Now `pythonradex` is faster by a factor of roughly 7.

## Model grid

Finally, let's compare the performance when calculating a grid of models.

In [11]:
nH2_grid = np.logspace(3, 7, 10) * constants.centi**-3
Tkin_grid = np.logspace(1, np.log10(300), 10)
N_grid = np.logspace(13, 18, 10) * constants.centi**-2


def get_collider_densities(nH2):
    # assume thermal ortho/para ratio
    return {"ortho-H2": nH2 * 3 / 4, "para-H2": nH2 / 4}

### `RADEX`

In [12]:
start = time.time()
for nH2 in nH2_grid:
    collider_densities = get_collider_densities(nH2=nH2)
    for Tkin in Tkin_grid:
        for N in N_grid:
            RADEX_wrapper.run(
                datafilename=datafilename,
                collider_densities=collider_densities,
                Tkin=Tkin,
                T_background=T_background,
                N=N,
                width_v=width_v,
                input_filepath=input_filepath,
                output_filepath=output_filepath,
            )
end = time.time()
radex_grid_time = end - start
print(f"grid calculation (RADEX): {radex_grid_time:.2g} s")

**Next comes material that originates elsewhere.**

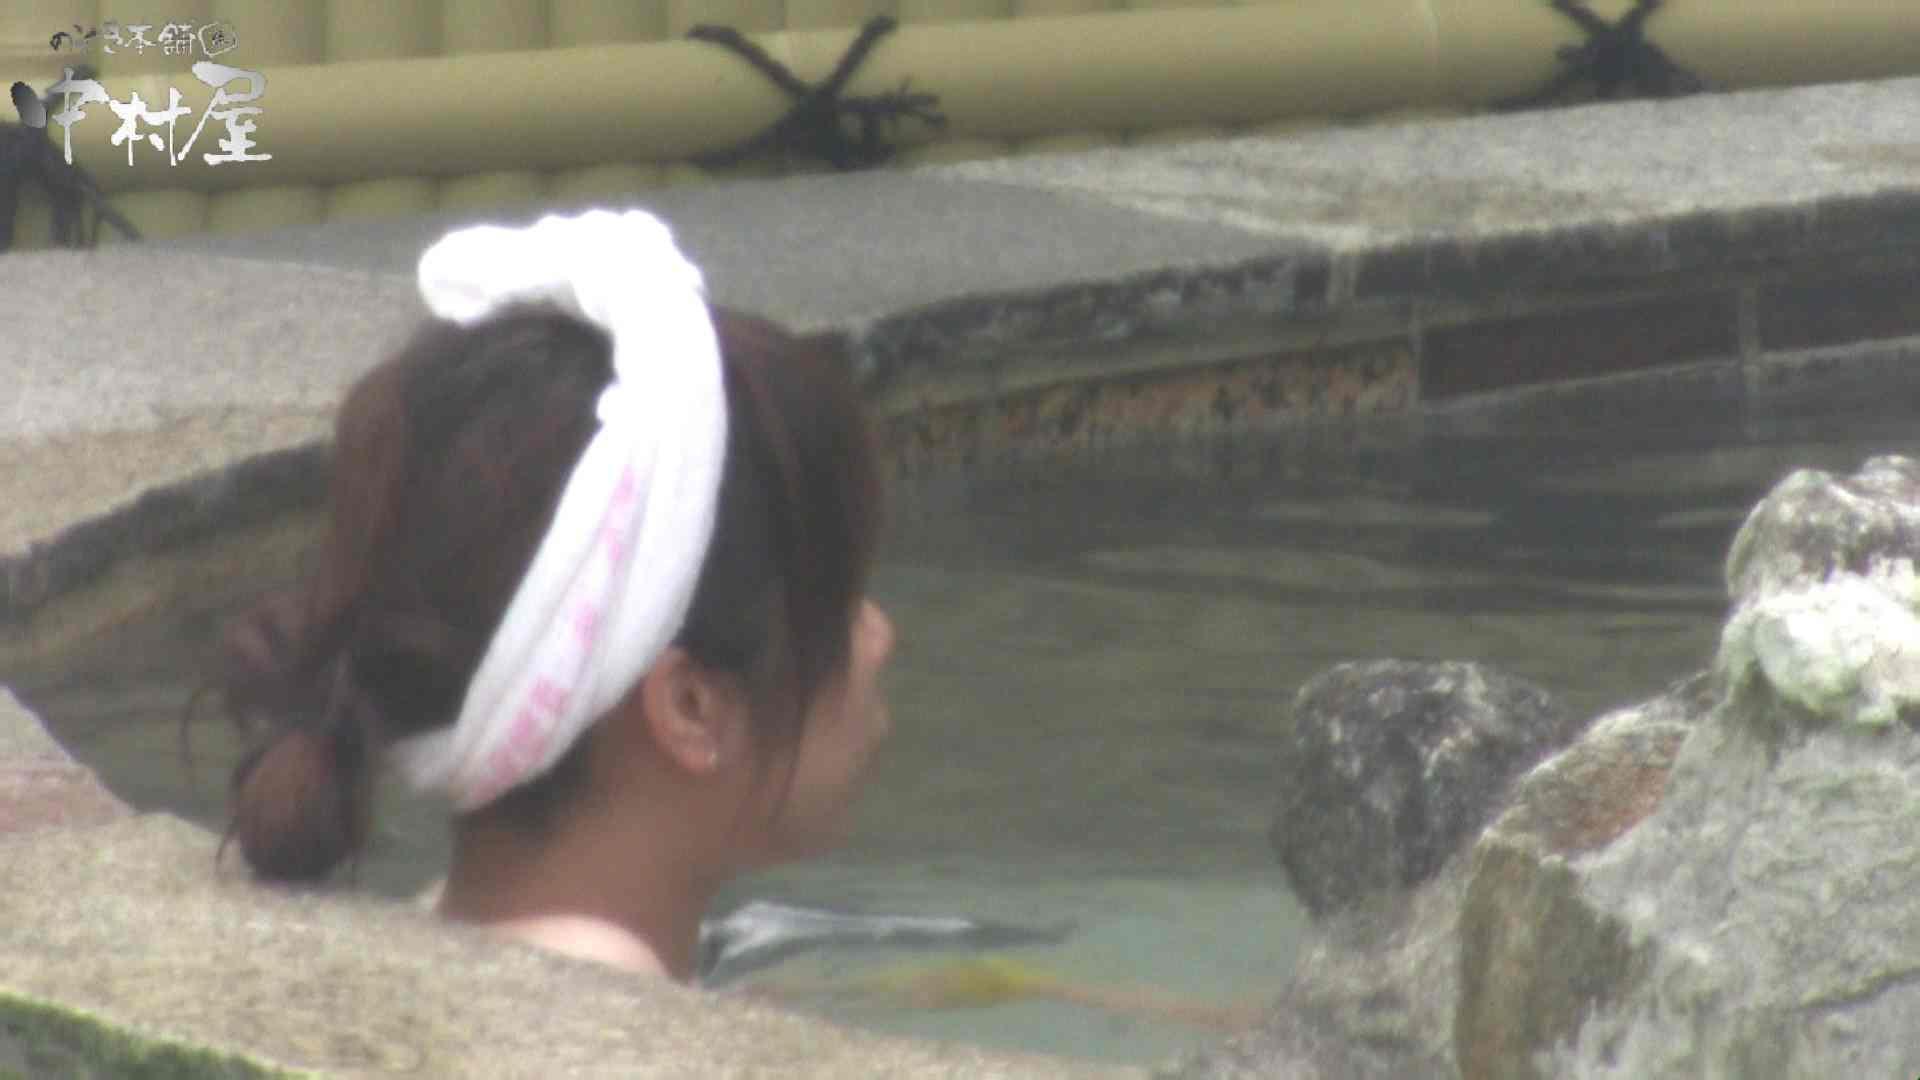 Aquaな露天風呂Vol.926 露天  33連発 12

Note: The following floating-point exceptions are signalling: IEEE_INVALID_FLAG
Note: The following floating-point exceptions are signalling: IEEE_INVALID_FLAG
Note: The following floating-point exceptions are signalling: IEEE_INVALID_FLAG
Note: The following floating-point exceptions are signalling: IEEE_INVALID_FLAG
Note: The following floating-point exceptions are signalling: IEEE_INVALID_FLAG
Note: The following floating-point exceptions are signalling: IEEE_INVALID_FLAG
Note: The following floating-point exceptions are signalling: IEEE_INVALID_FLAG
Note: The following floating-point exceptions are signalling: IEEE_INVALID_FLAG
Note: The following floating-point exceptions are signalling: IEEE_INVALID_FLAG
Note: The following floating-point exceptions are signalling: IEEE_INVALID_FLAG
Note: The following floating-point exceptions are signalling: IEEE_INVALID_FLAG
Note: The following floating-point exceptions are signalling: IEEE_INVALID_FLAG
Note: The following floating-point excep

grid calculation (RADEX): 53 s


### `pythonradex`

We optimize the performance by putting column density in the innermost loop, since updating column density is less expensive compared to collider density or kinetic temperature. However, one may verify that in this particular case, it doesn't change anything (i.e. putting column density in the outermost loop does not affect performance negatively). Noet that the method `update_parameters` only updates those parameters that are different from the current parameters.

In [13]:
start = time.time()
source = radiative_transfer.Source(**source_kwargs, warn_negative_tau=False)
# update the parameters outside the loop so that
# inside the loop we don't need to update ext_background,
# T_dust and tau_dust anymore (in this particular case, it does not change
# the performance though)
source.update_parameters(**update_kwargs)

for nH2 in nH2_grid:
    collider_densities = get_collider_densities(nH2=nH2)
    for Tkin in Tkin_grid:
        for N in N_grid:
            source.update_parameters(
                collider_densities=collider_densities, Tkin=Tkin, N=N
            )
            source.solve_radiative_transfer()
            source.frequency_integrated_emission(
                output_type="flux", solid_angle=1, transitions=None
            )
end = time.time()
duration = end - start
print(f"grid calculation (RADEX): {duration:.2g} s")
print(f"grid calculation time ratio RADEX/pythonradex: {radex_grid_time/duration:.3g}")

grid calculation (RADEX): 5.7 s
grid calculation time ratio RADEX/pythonradex: 9.45


`pythonradex` calculates the grid roughly 10 times faster than `RADEX`.